Instructions for the task: A faithful copy of the listing below is needed, with its pictures left out.

Data segment:
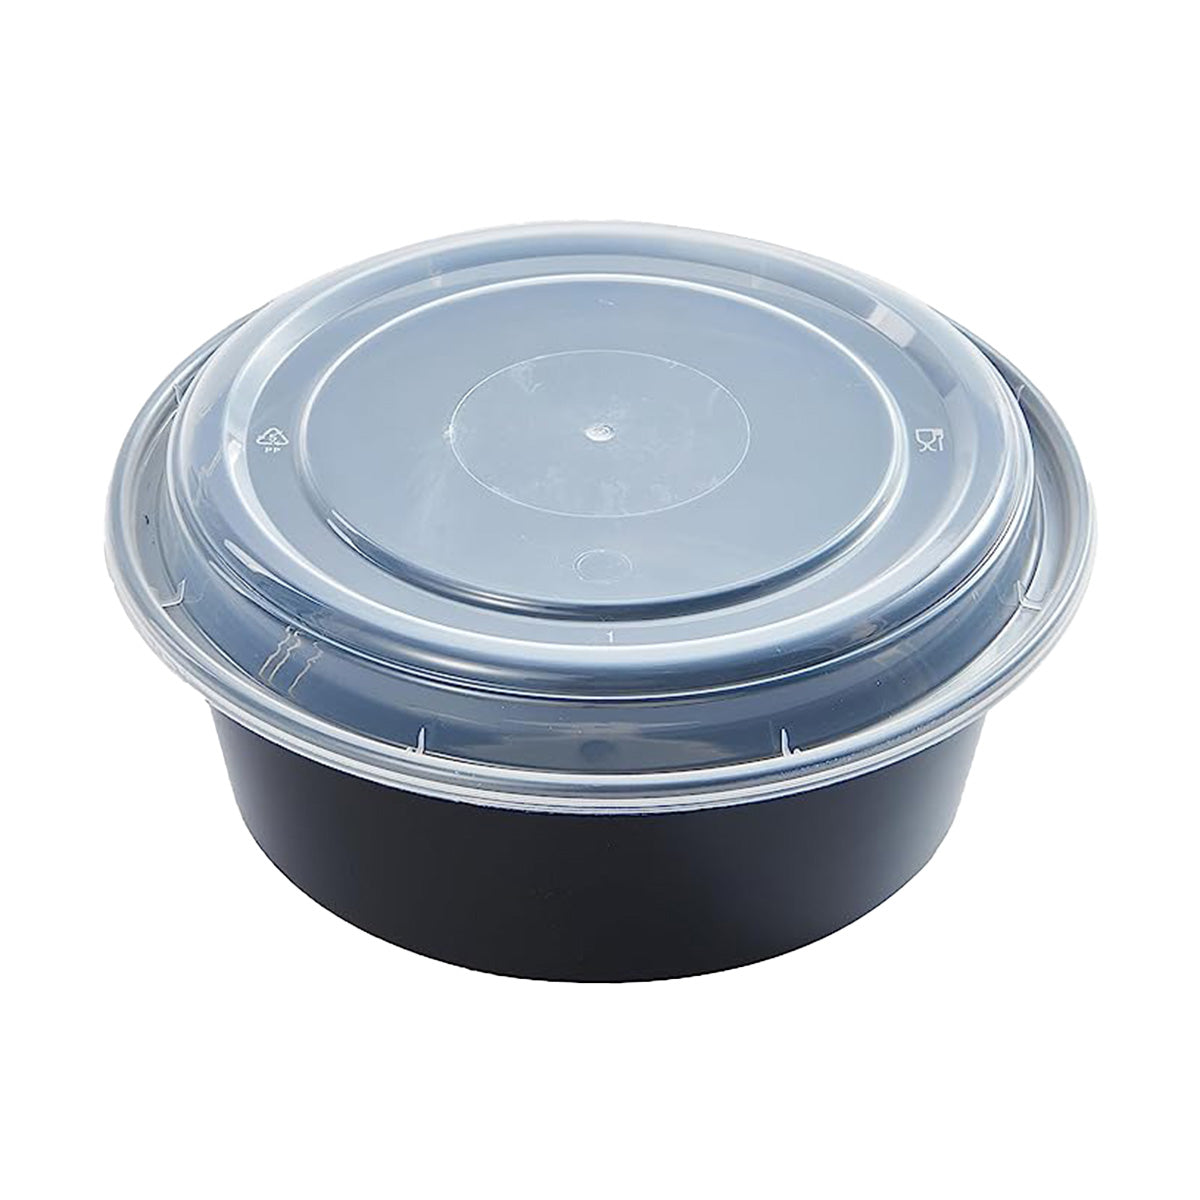 CIAO! 32oz Injection Molded Microwavable Black Round Food Container with Lid (150/case)
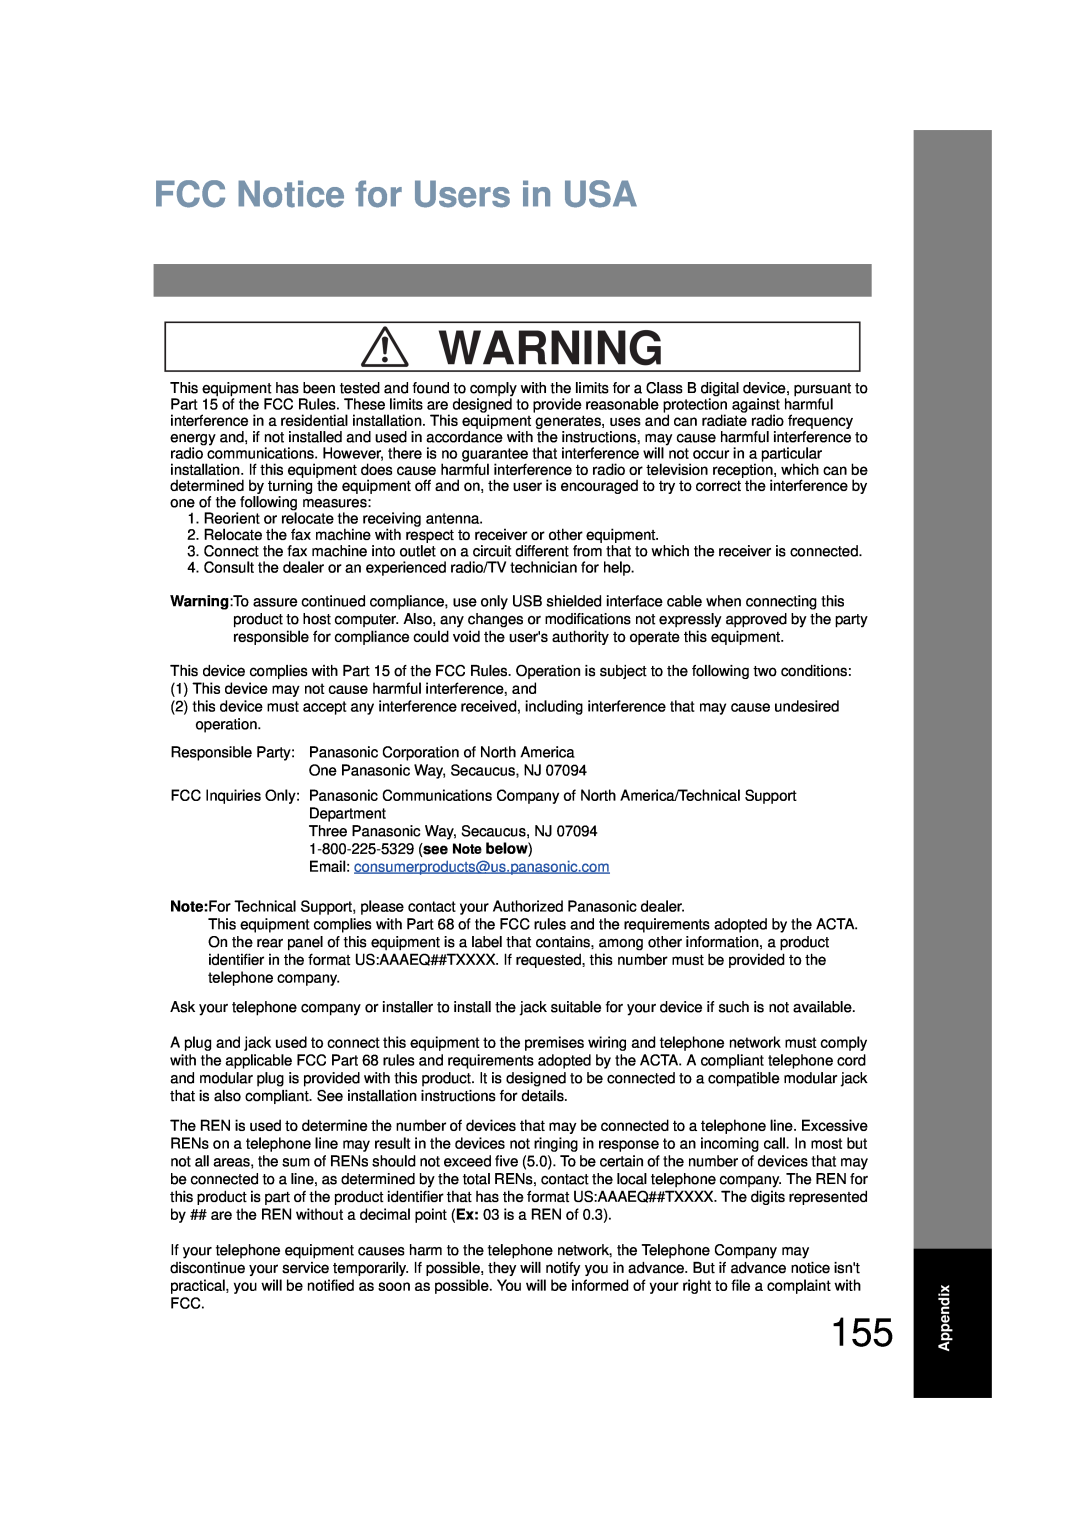 Panasonic UF-6200 operating instructions FCC Notice for Users in USA, Email consumerproducts@us.panasonic.com, Appendix 
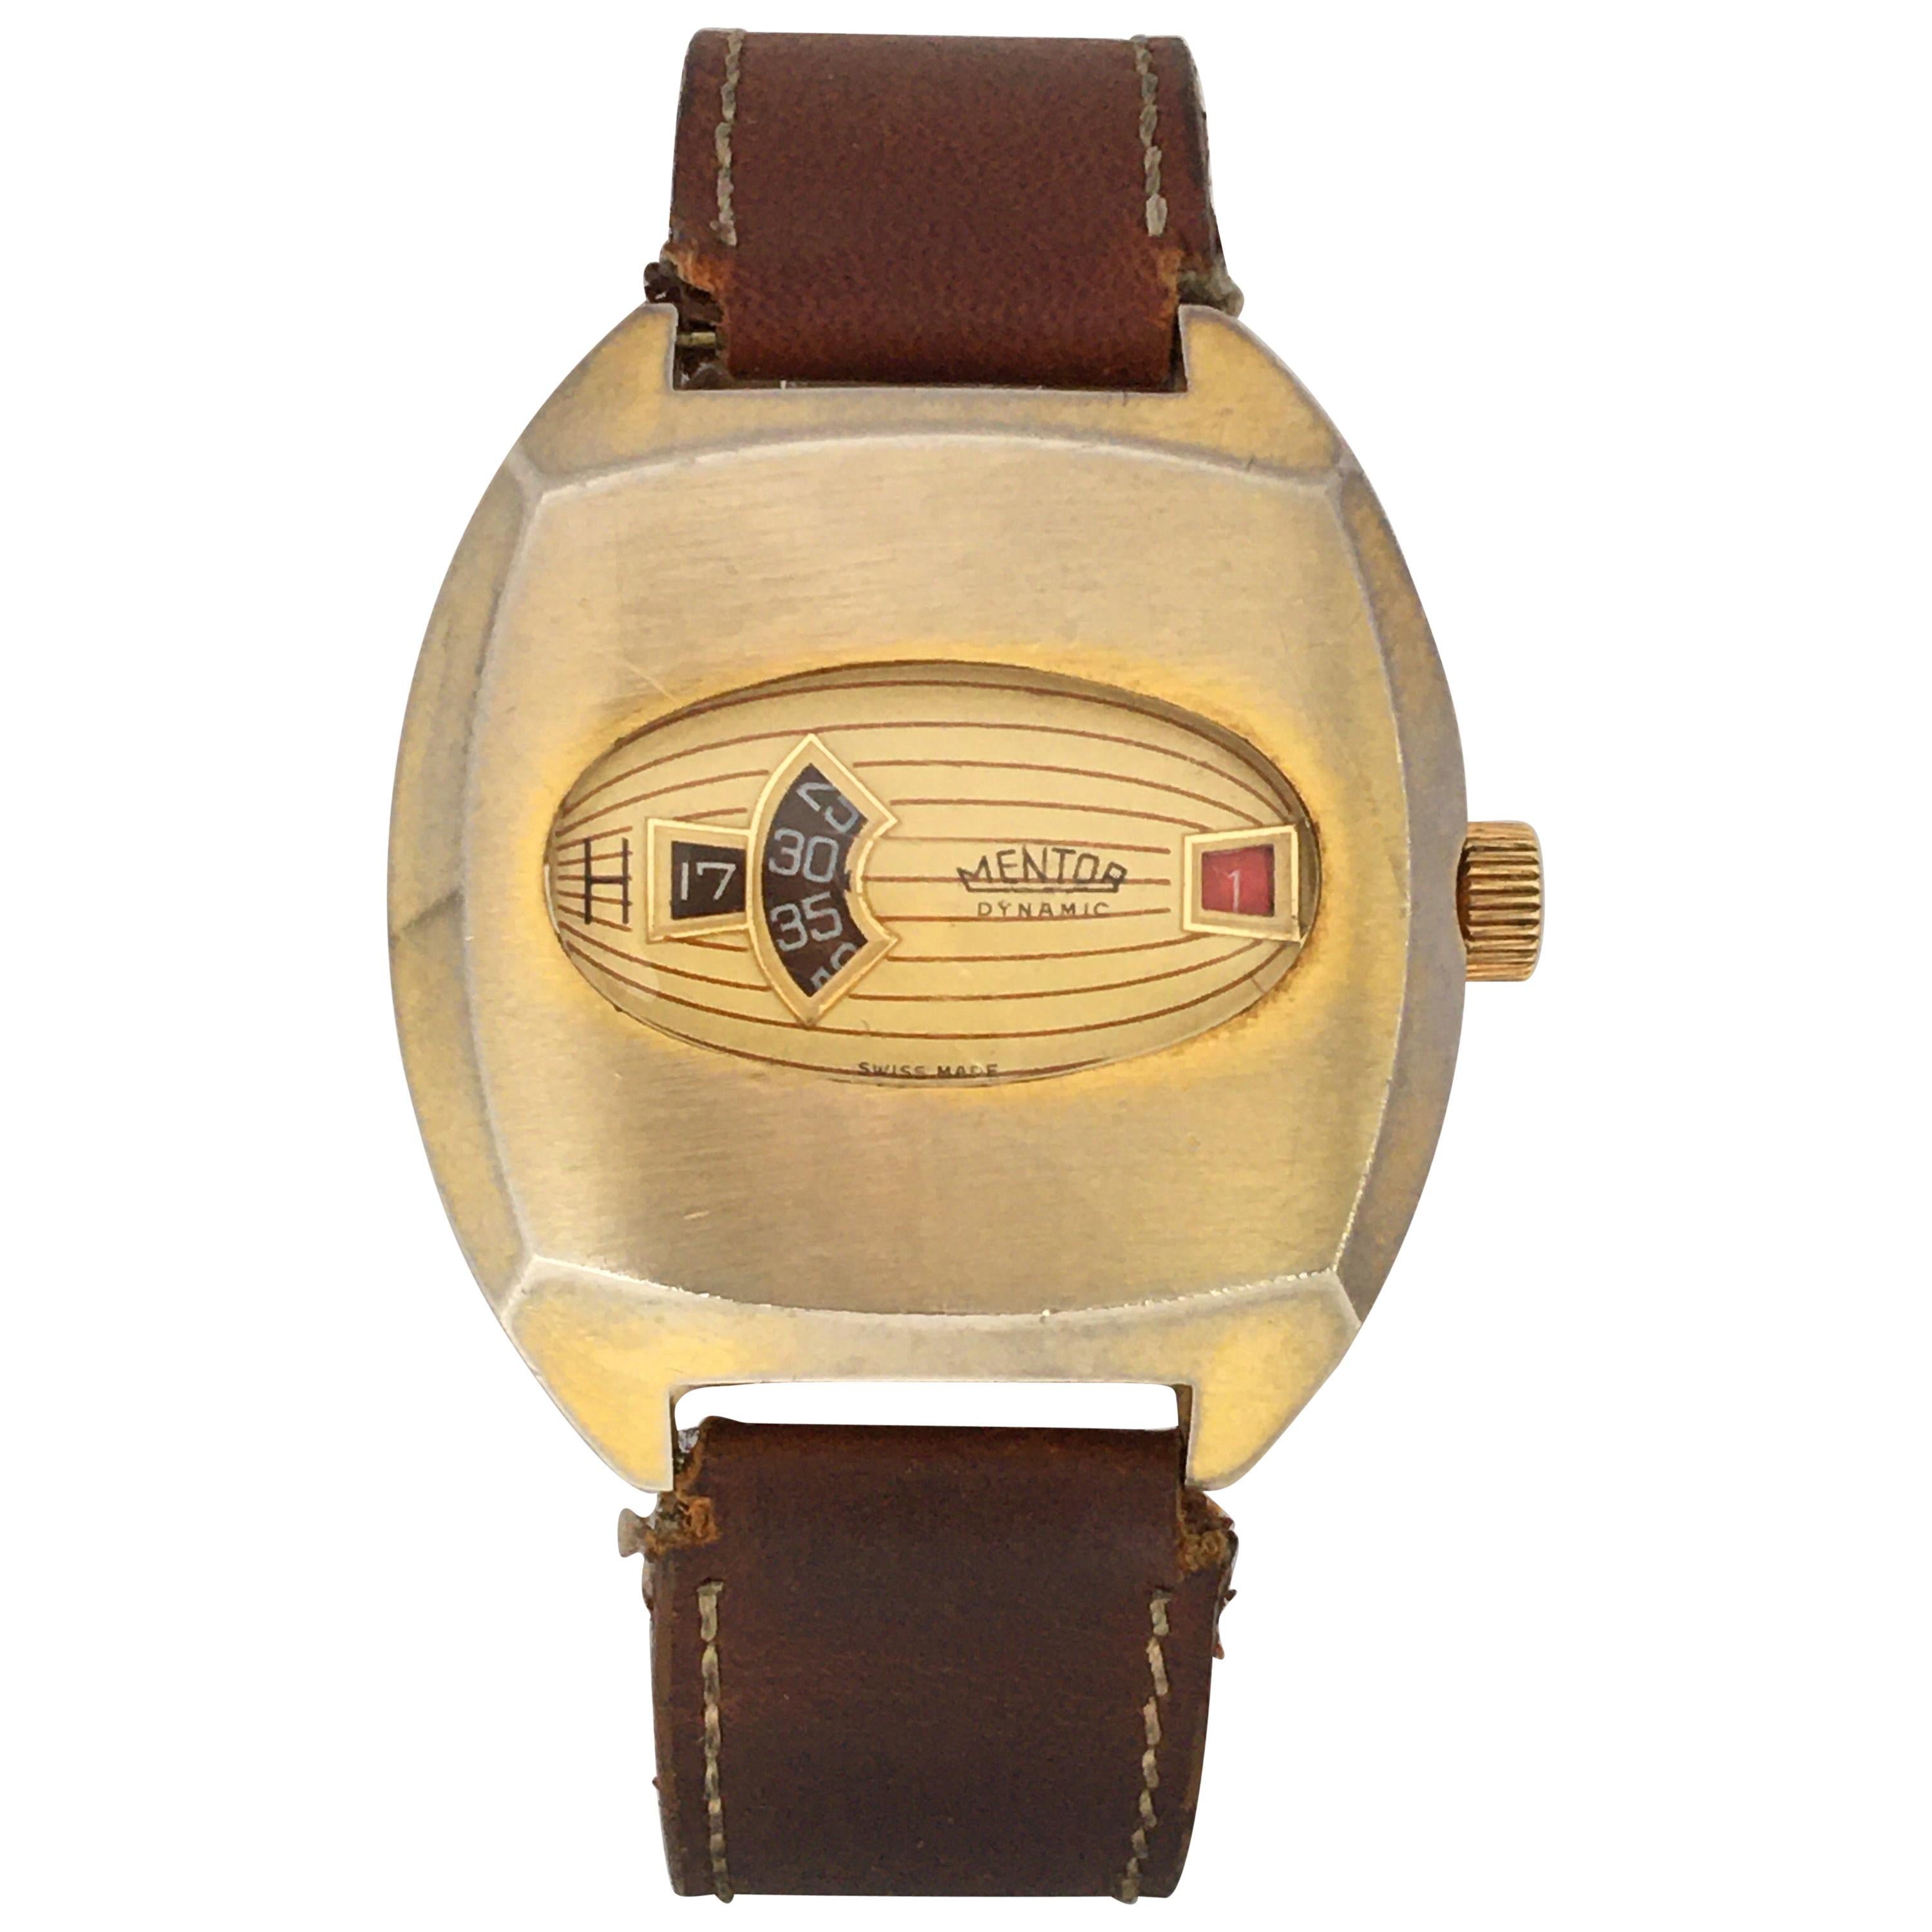 1970s Vintage Jump Hour Digital Mechanical Swiss Watch with Date

Reply:
 CIAO! 32oz Injection Molded Microwavable Black Round Food Container with Lid (150/case)
 Panasonic UF-6200 operating instructions FCC Notice for Users in USA, Email consumerproducts@us.panasonic.com, Appendix 
 1970s Vintage Jump Hour Digital Mechanical Swiss Watch with Date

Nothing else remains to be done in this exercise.